The recessed closure port 31 is shaped such that when the closure member 21 is mounted thereon, it does not extend substantially upward beyond the top of the annular ridge 13 as depicted in FIGS. 8 and 9. The current design of the closure member 21 having a low and substantially flat profile will accommodate stacking of the containers 10 during shipping and storage. To further accommodate storage and stacking of the beverage containers 10, the receptacle 12 can include an arched base 33, as shown in FIG. 13. The recessed closure port 31 in one embodiment is domed shaped, which is desirable for filling the beverage container 10 without spilling when being filled by a machine or vat. It should be appreciated by those skilled in the art that nozzles for dispensing beverages can take on several different profiles. Therefore, the recessed closure port 31 and body 30 can be modified accordingly to accommodate such corresponding profiles, for example in another embodiment, the recessed

closure port 31 and body 30 are bowl shaped or half spherical. Another advantage of the recessed closure port 31 is that its geometry produces the undulating flange 17 having a high 17a and low 17b portions without additional manufacturing operations. Further advantages of the recessed closure port 31, include allowing for a larger opening for enhancing easier and faster consuming of the beverage.

The body 12, Hd 11 and closure member 21 in one embodiment are made from plastic by an injection mold process or a blow mold operation. In another embodiment, the body, lid and closure member are made from metals such as aluminium or steel or a combination of metal and plastic.

In use, the closure member 21 is preferably configured such that it can only be introduced into, or removed from, the port 15 when the longitudinal direction of the engagement member 34 is at least generally parallel to a first direction of the port, as indicated by arrows A in FIG. 2. The opening assembly 20 is preferably configured such that when the closure member 21 is located in the port 15 in the first direction, it can be rotated to a second direction, as indicated by arrows B in FIG. 2. As a result, the engagement part 34 engages the underside of the main part 14 adjacent the port 15 during transitioning to the second direction.

The novel opening assembly design allows for several different methods to manufacture, fill, and seal the beverage containers 10. By having a plurality of receptacles 12, main parts 14 including opening assemblies 20, assembly and filling can occur without expensive equipment or significant capital expenditures. For example, the main parts 14 are capable of being attached to the receptacle 12 by an ultrasonic welding machine. The ultrasonic welding process attaches similar materials together as shown in FIGS. 13-15. To facilitate a secure weld between the main part 14 and receptacle 12, the receptacle includes an annular flange 12a shown in FIGS. 13 A and 13B, which includes a triangular-shaped bead 18 that accelerates the welding time with a corresponding main part flange 14c. Ultrasonic energy is transmitted through the flanges under pressure and results in a rapid build-up of heat that causes the bead 18 to melt. As result, the molten material flows across the joint interface C, shown in FIG. 13 A forming a molecular bond with the mating surface. Li close proximity to the ultrasonic welding apparatus are storage containers automated to have several different beverages to enable a user to choose the desired beverage for automatic filling of the beverage container 10 after welding.

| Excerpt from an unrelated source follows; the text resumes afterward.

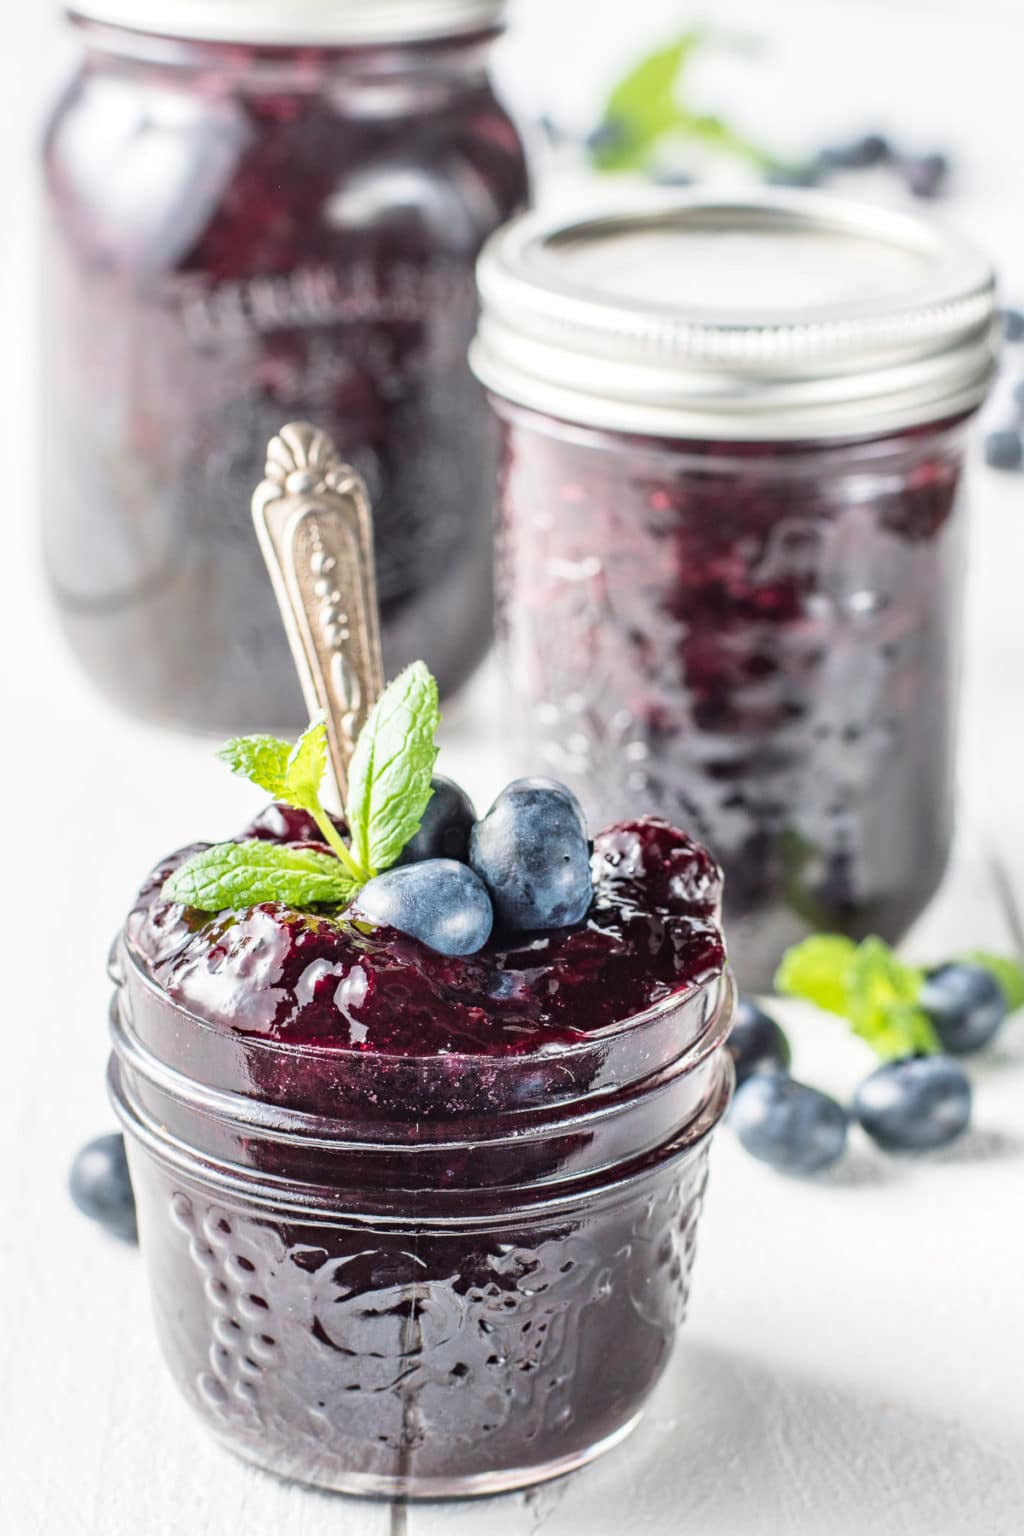 Jars of sugar-free blueberry jam on a white wooden board with sprigs of mint and scattered fresh blueberries

The simplified method of attaching the main part 14 of the lids 11 to the receptacles 12

by ultrasonic welding allows retailers to engage in the assembly process at point-of-sale shops and stores. This significantly reduces the weight and costs of shipping, since the containers 10 are empty during transport. In addition, space requirements are significantly reduced, since the receptacles 12 and lids 11 can be stacked one inside another. Further advantages are achieved by reducing the point-of-sale storage, which typically includes large refrigeration cabinets. The above method of assembly is user friendly to the point that a consumer can select a receptacle 12, place it into the welding apparatus, select the desired beverage, and a lid 11 is welded only a few seconds later, thus making the beverage container 10 now ready for purchasing. Thus, eliminating the labor costs typically incurred by the retailer from the wholesaler plant or factory.

Alternatively, the beverage containers 10 can be shipped to a retailer having the lids 11 preassembled, that is, welded or spin formed to the receptacle 12, as shown in FIGS. 4-6 and 11-12. The retailer is then able to finalize the container filling process and provide to a consumer a secure, tamper-proof beverage container 10. Once the preassembled containers arrive at the retail establishment, the retailer fills the beverage containers 10 through the port 15 with the aid of a beverage nozzle. Once the beverage container 10 is filled to a required level, the opening assembly 20 is inserted through the port 15. The assembly 20 is then rotated to a secured closed position, forcing the arch body 30 to draw the washer 32 to a sealing engagement with the closure port 31 as the fingers 36 of the engagement member 34 pass along an increasingly taller portion of the undulating flange 17. This arrangement urges the main part

14 against the washer 32, which surrounds the closure port 31 to provide a seal. Once the port

15 is sealed, the projection 23 is pressed into the depression 16, completing the filling operation.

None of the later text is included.